About this task.
Exactly the lines from the one holding "DENPA LIVE~ネットで会おう音(ね)~】Tシャツ ネイビー" through the end of the material below must be printed, nothing more, and the pictures must be dropped.

Data excerpt.

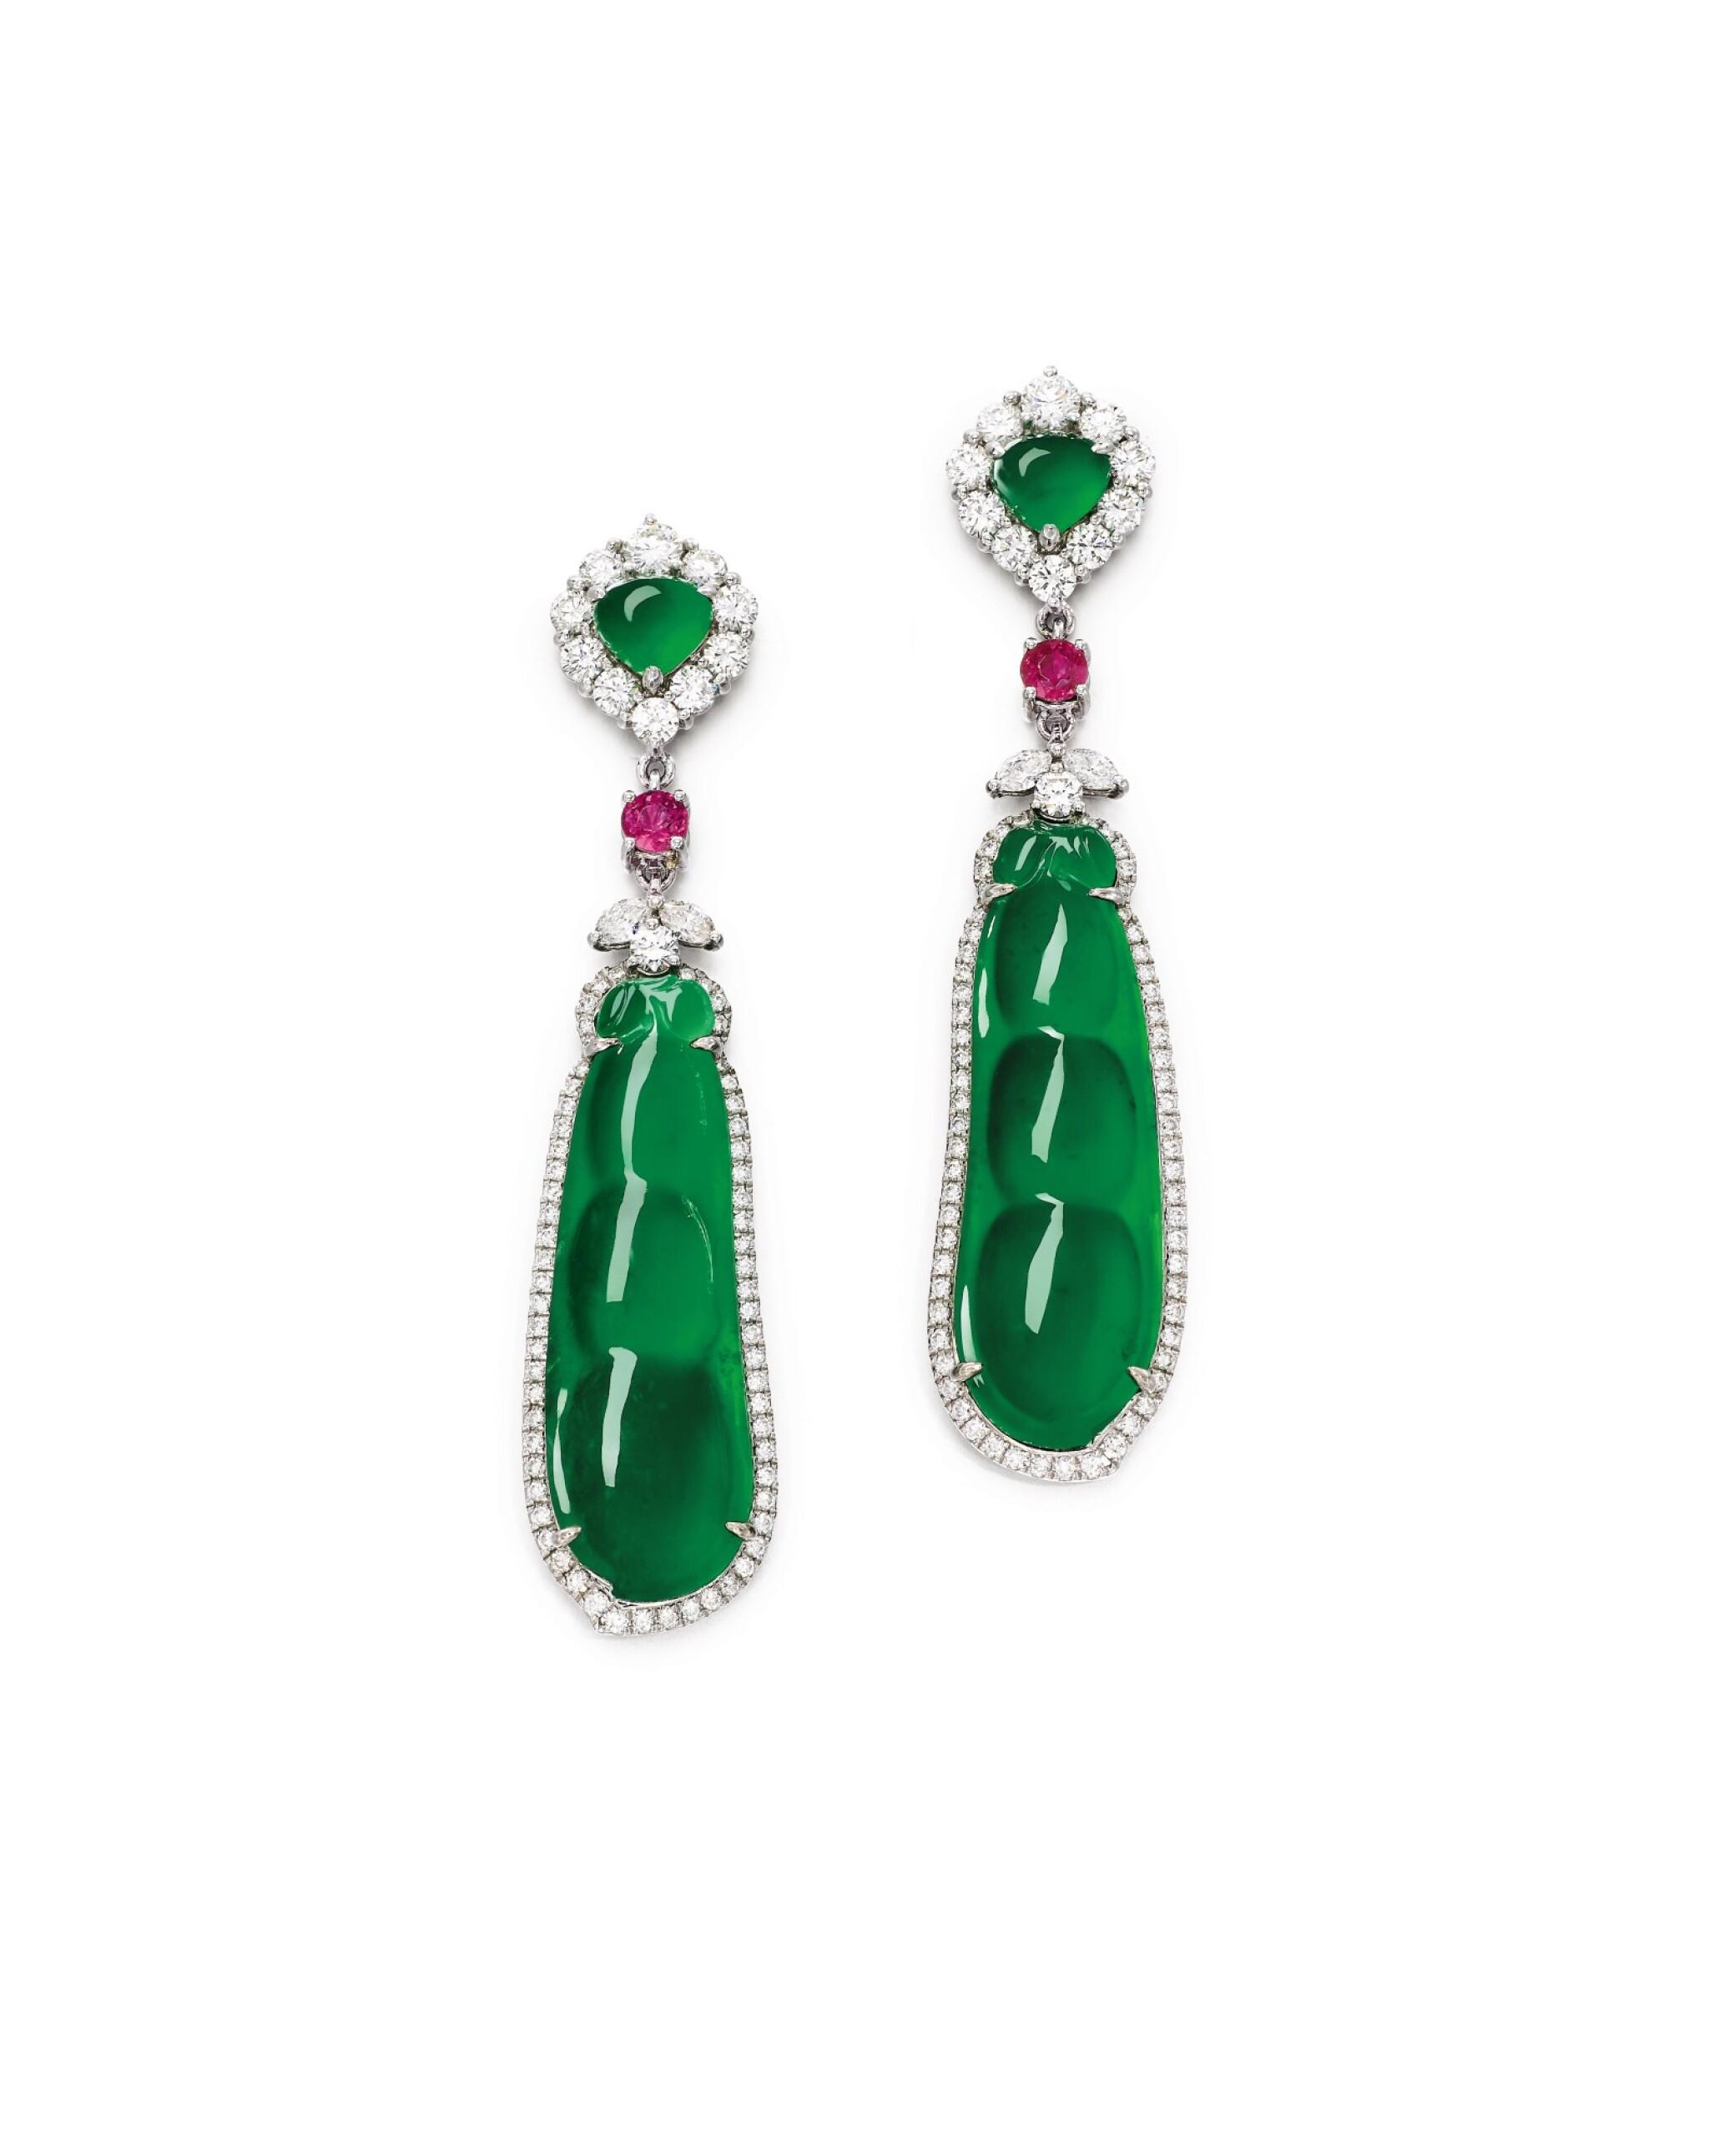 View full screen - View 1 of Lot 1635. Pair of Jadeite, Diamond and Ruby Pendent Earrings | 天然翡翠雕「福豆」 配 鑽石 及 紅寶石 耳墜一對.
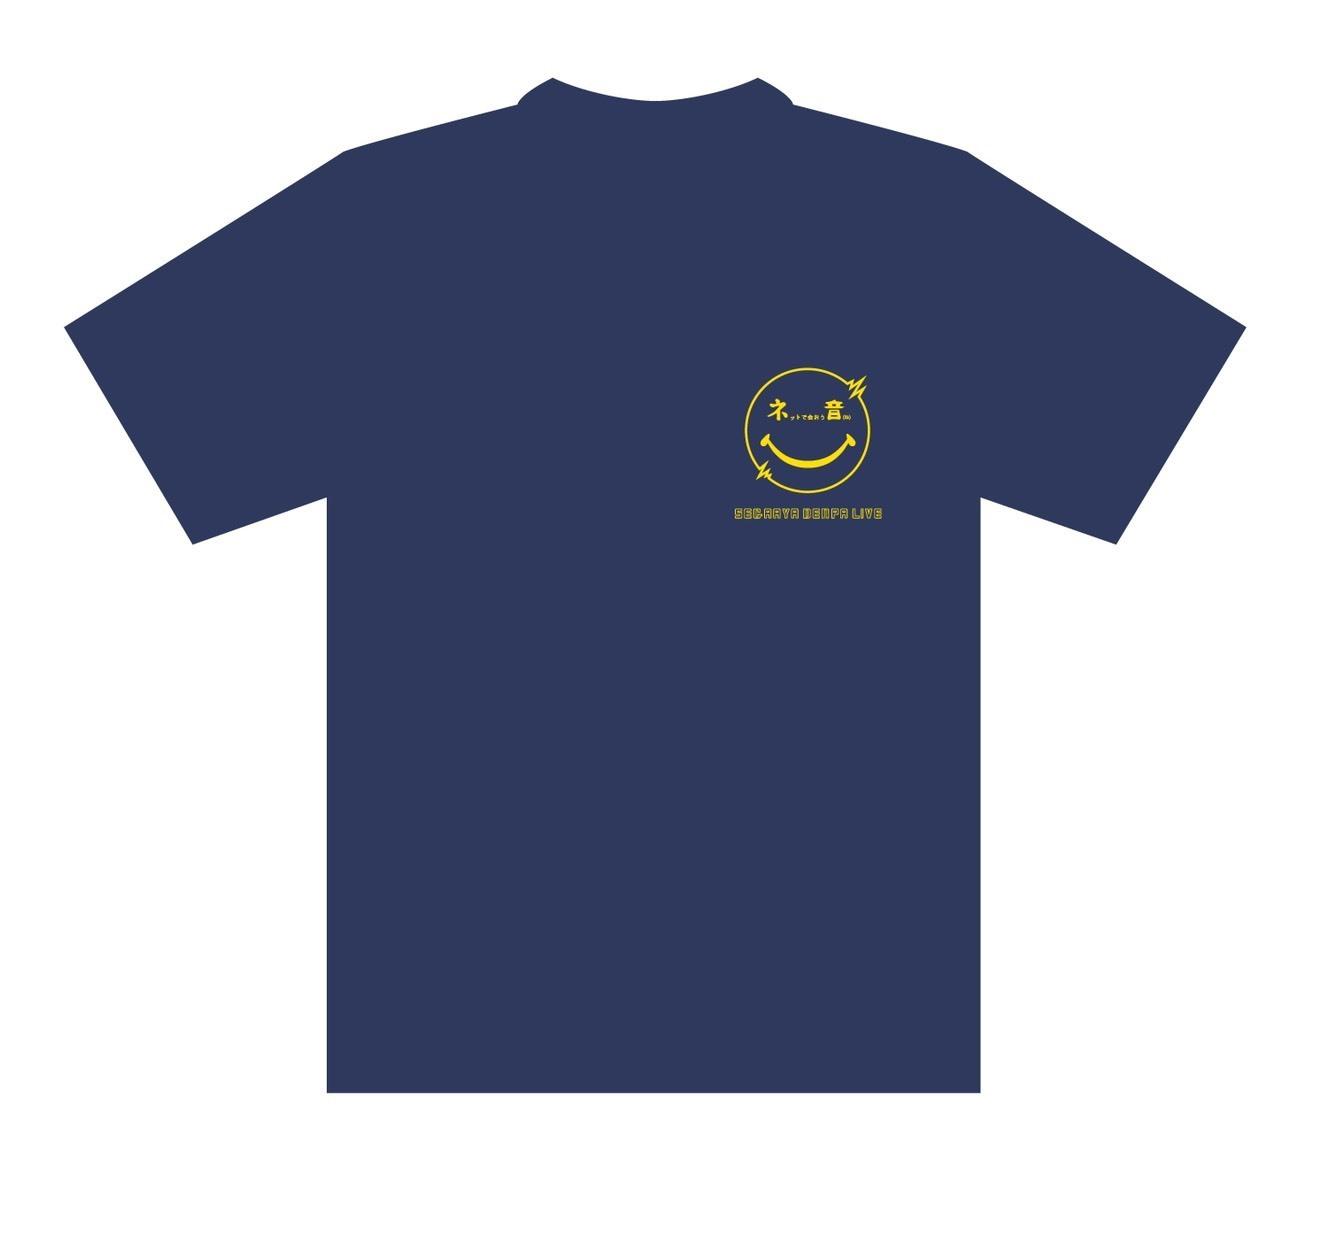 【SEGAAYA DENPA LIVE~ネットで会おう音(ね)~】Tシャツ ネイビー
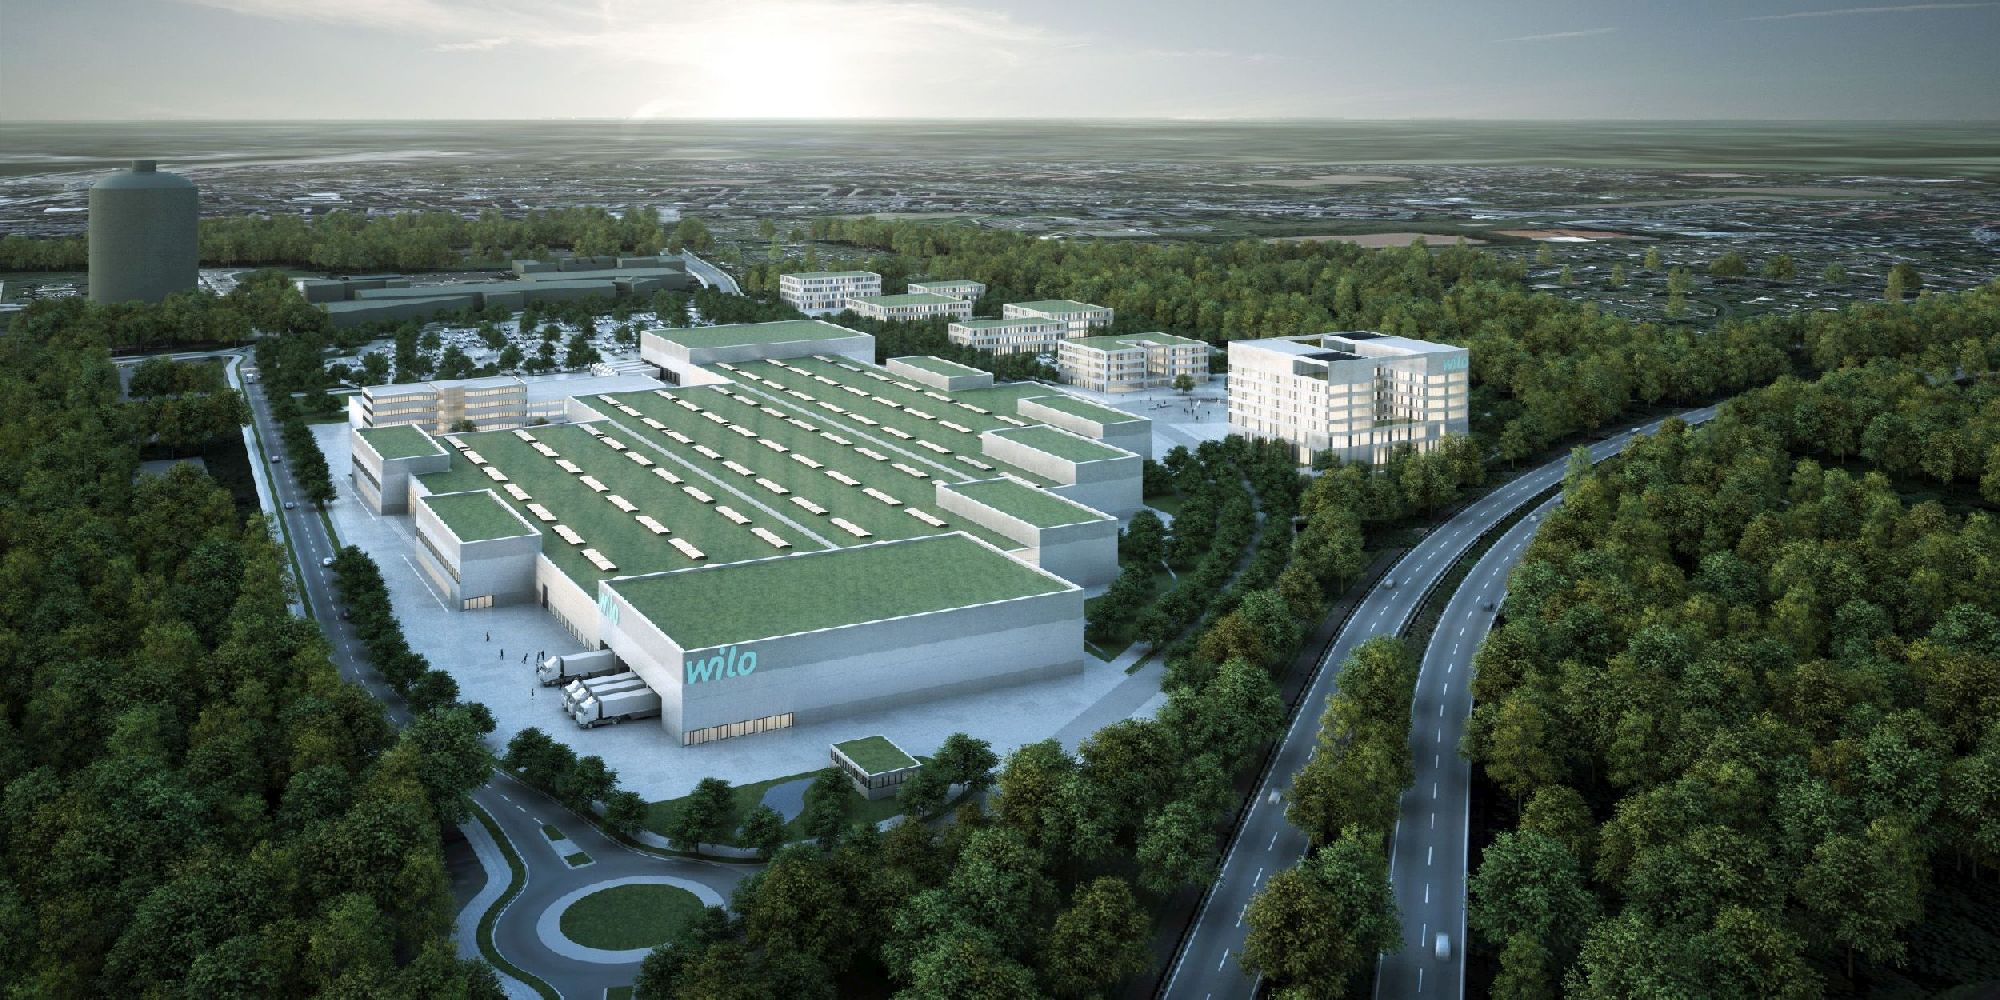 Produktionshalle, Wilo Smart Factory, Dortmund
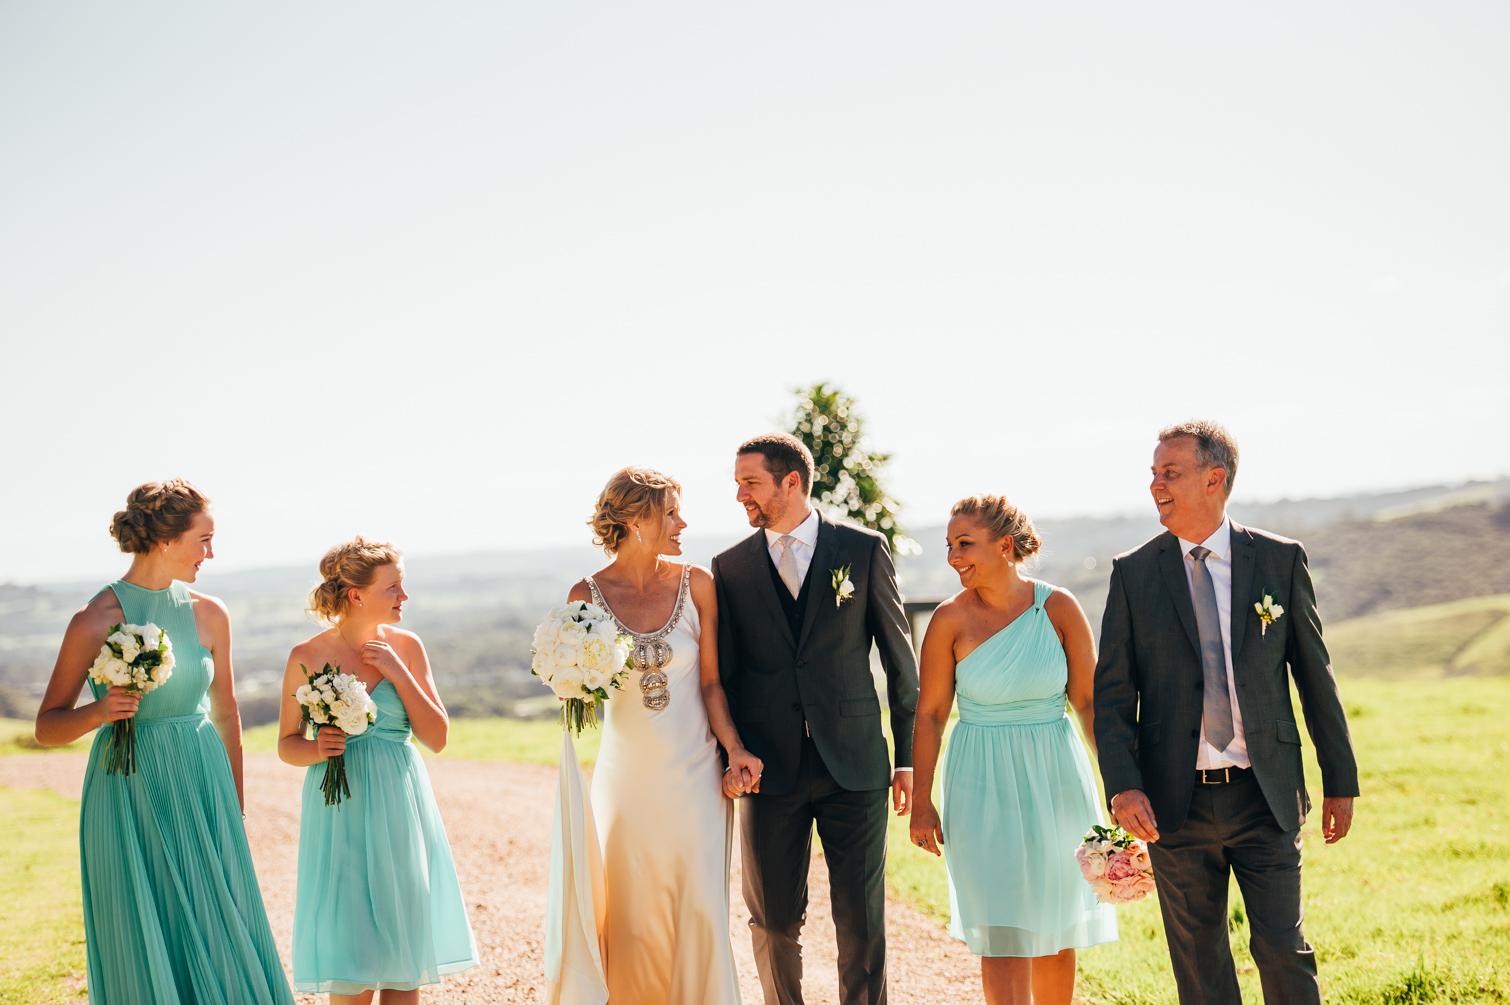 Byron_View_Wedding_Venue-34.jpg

Solution to this exercise.
 【SEGAAYA DENPA LIVE~ネットで会おう音(ね)~】Tシャツ ネイビー
 Produktionshalle, Wilo Smart Factory, Dortmund
 Byron_View_Wedding_Venue-34.jpg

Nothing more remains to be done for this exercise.